[Work to be completed]
Excluding pictures, retype the line with "Eine fröhliche Gruppe" and each line that follows it to the end of the data below, word for word.

[Information provided]
[Start of section]
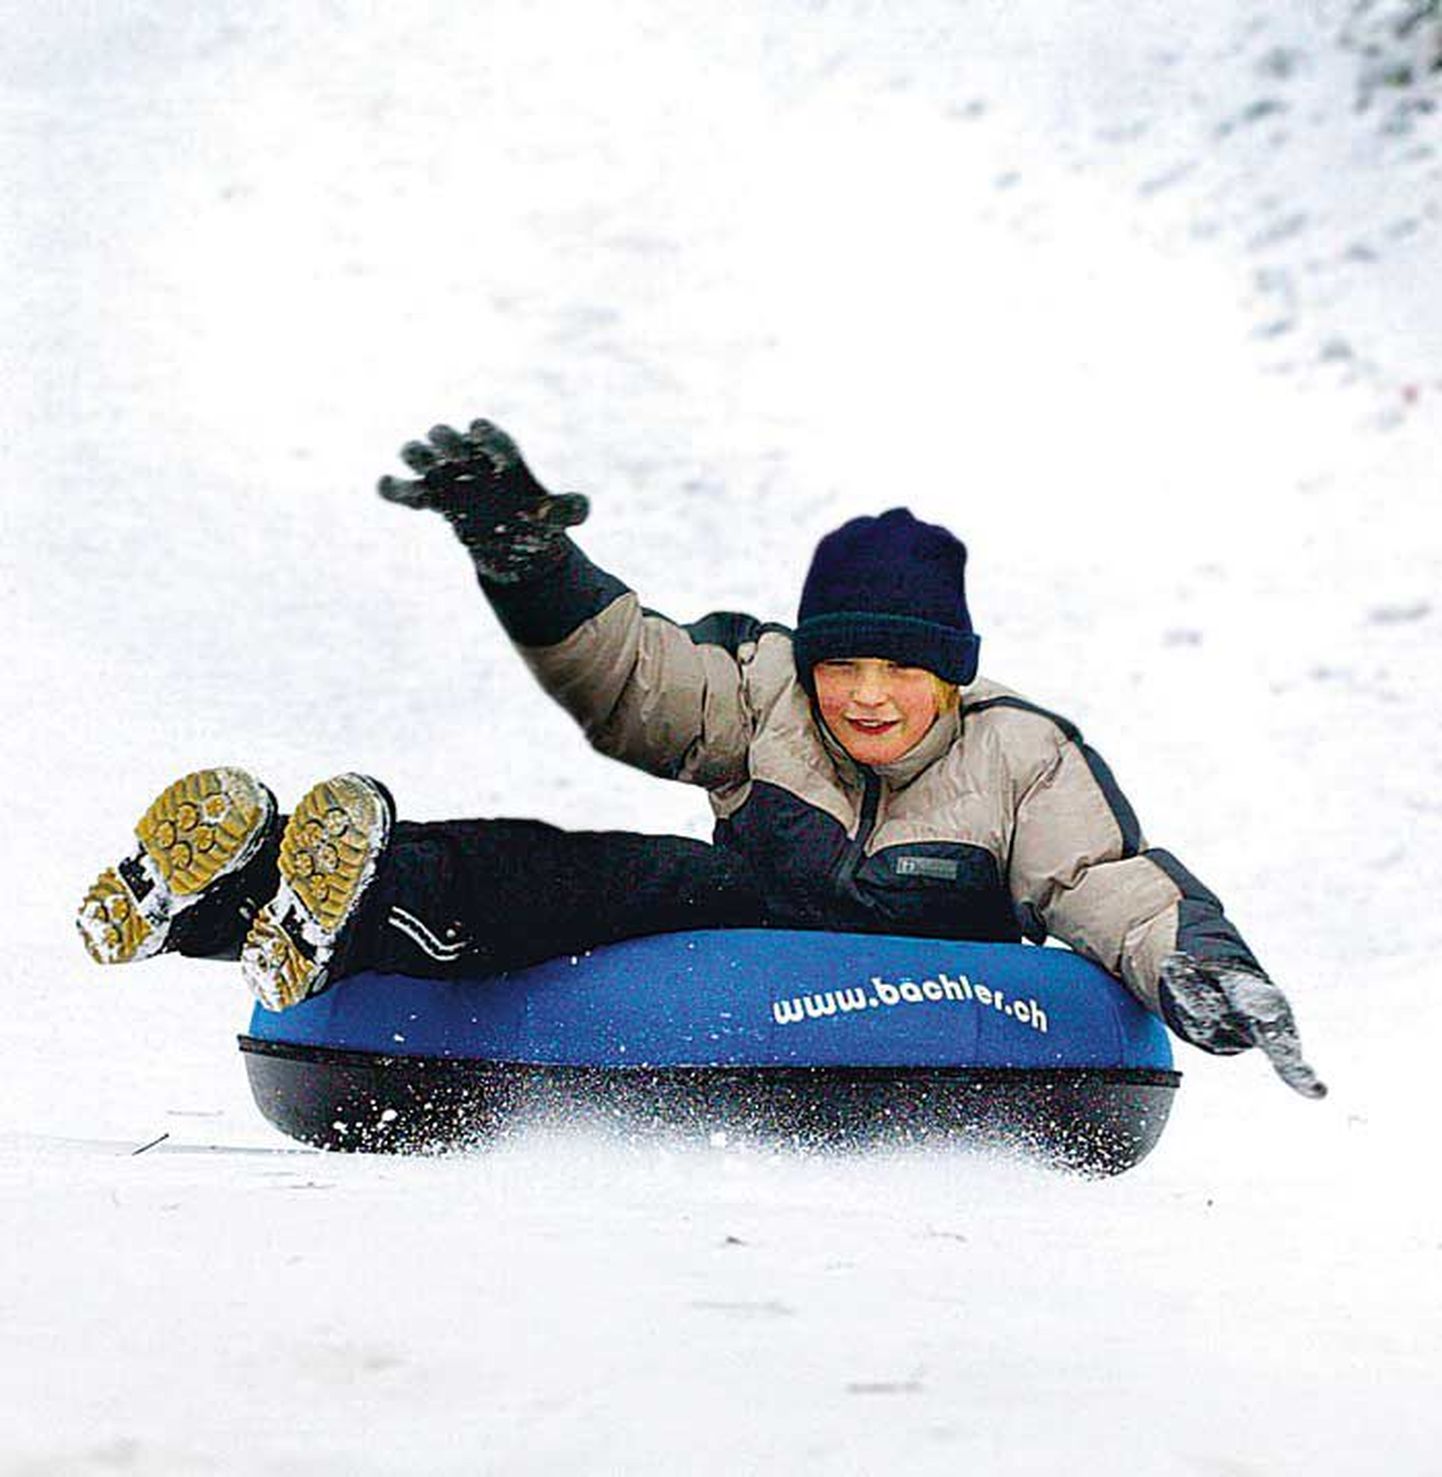 Laps snowtube rõngaga mäest alla sõitmas.
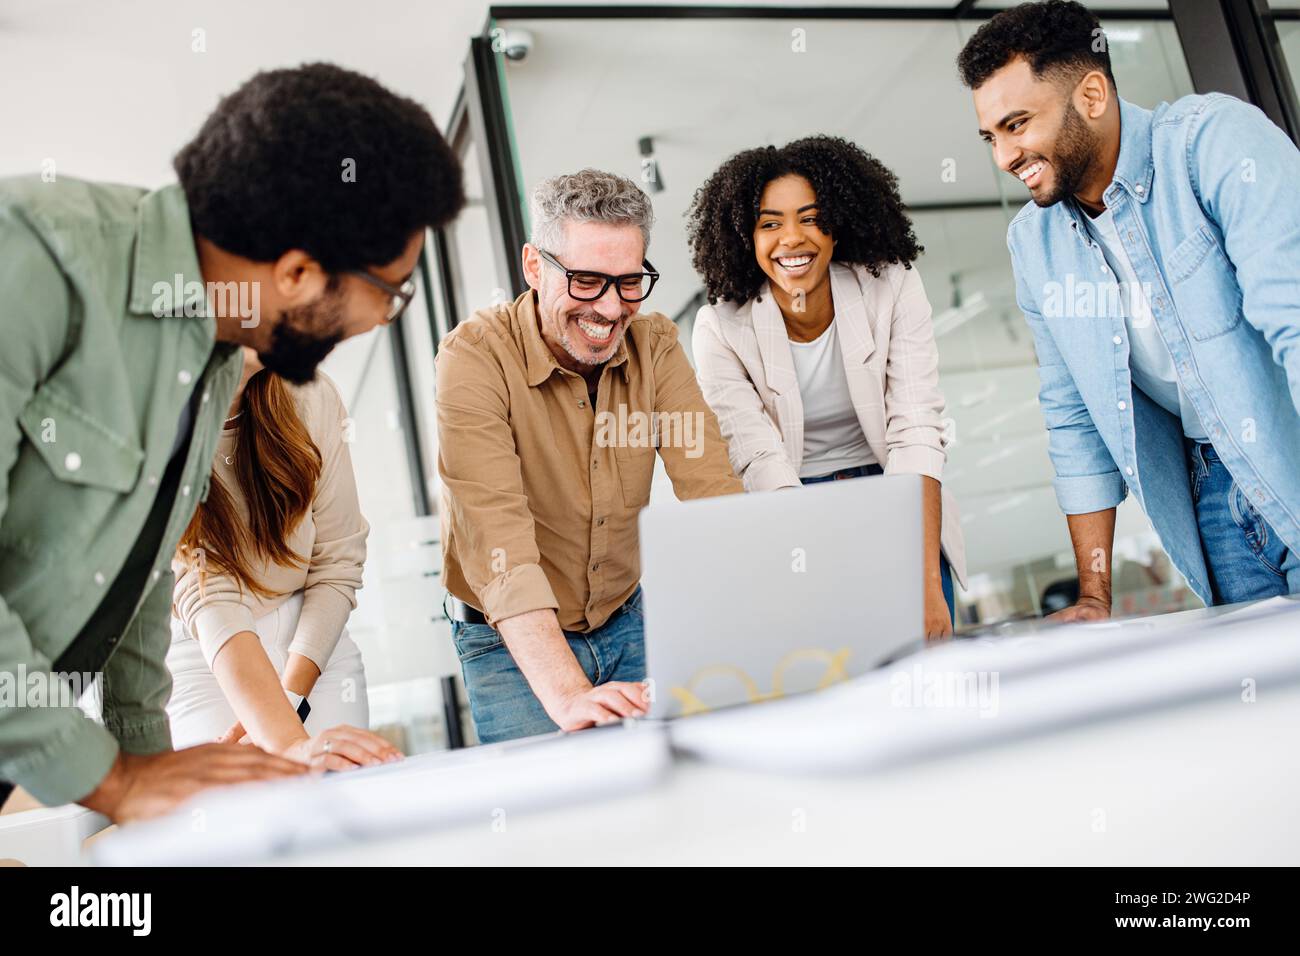 Eine fröhliche Gruppe verschiedener Kollegen lehnt sich um einen Laptop herum, was auf eine interaktive Diskussion über die Technik und die Stimmung eines produktiven und zukunftsorientierten Teams hindeutet. Stockfoto
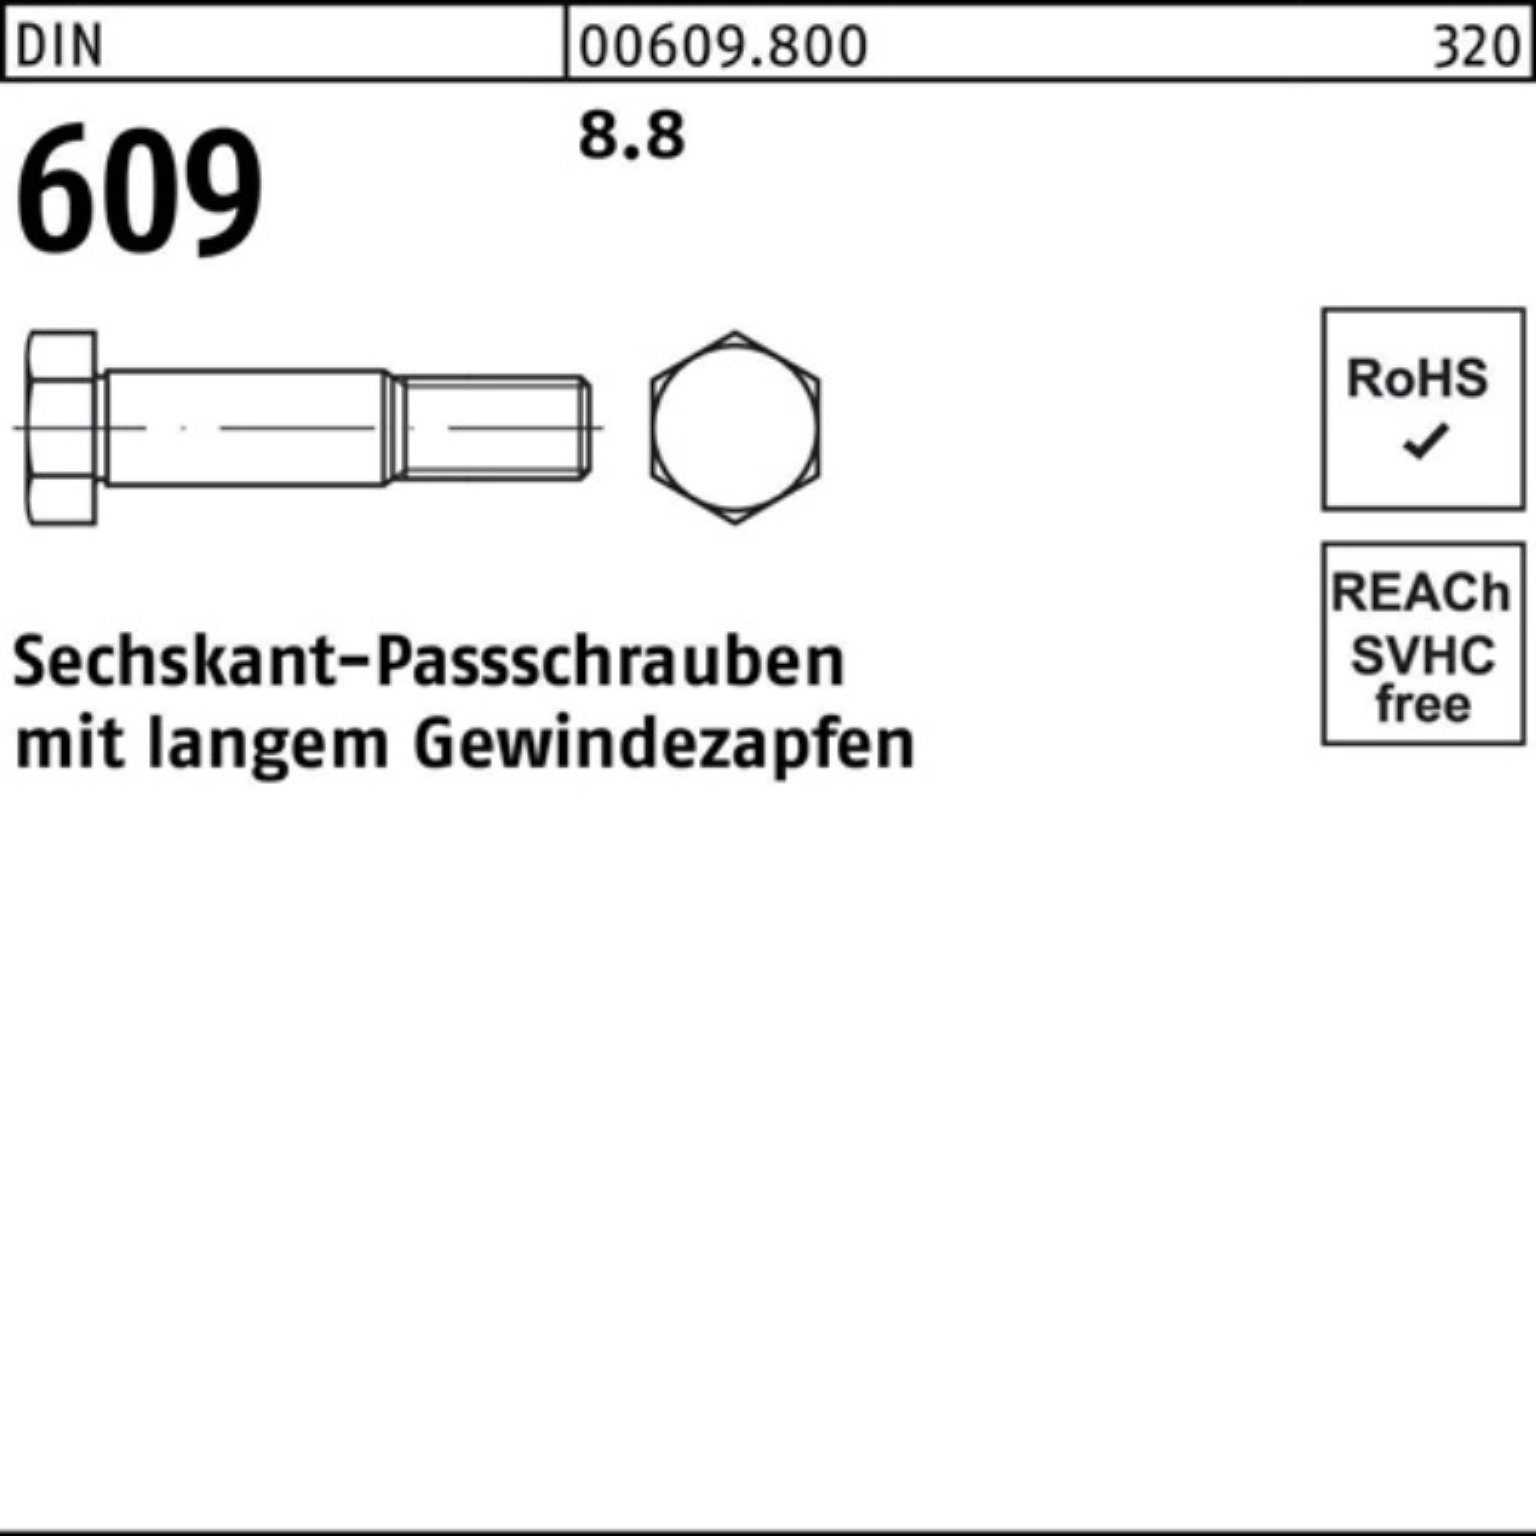 Sechskantpassschraube Gewindezapfen Reyher M12x 100er DIN Schraube langem Pack 45 609
[End of section]
[Exercise answer]
 Eine fröhliche Gruppe verschiedener Kollegen lehnt sich um einen Laptop herum, was auf eine interaktive Diskussion über die Technik und die Stimmung eines produktiven und zukunftsorientierten Teams hindeutet. Stockfoto
 Sechskantpassschraube Gewindezapfen Reyher M12x 100er DIN Schraube langem Pack 45 609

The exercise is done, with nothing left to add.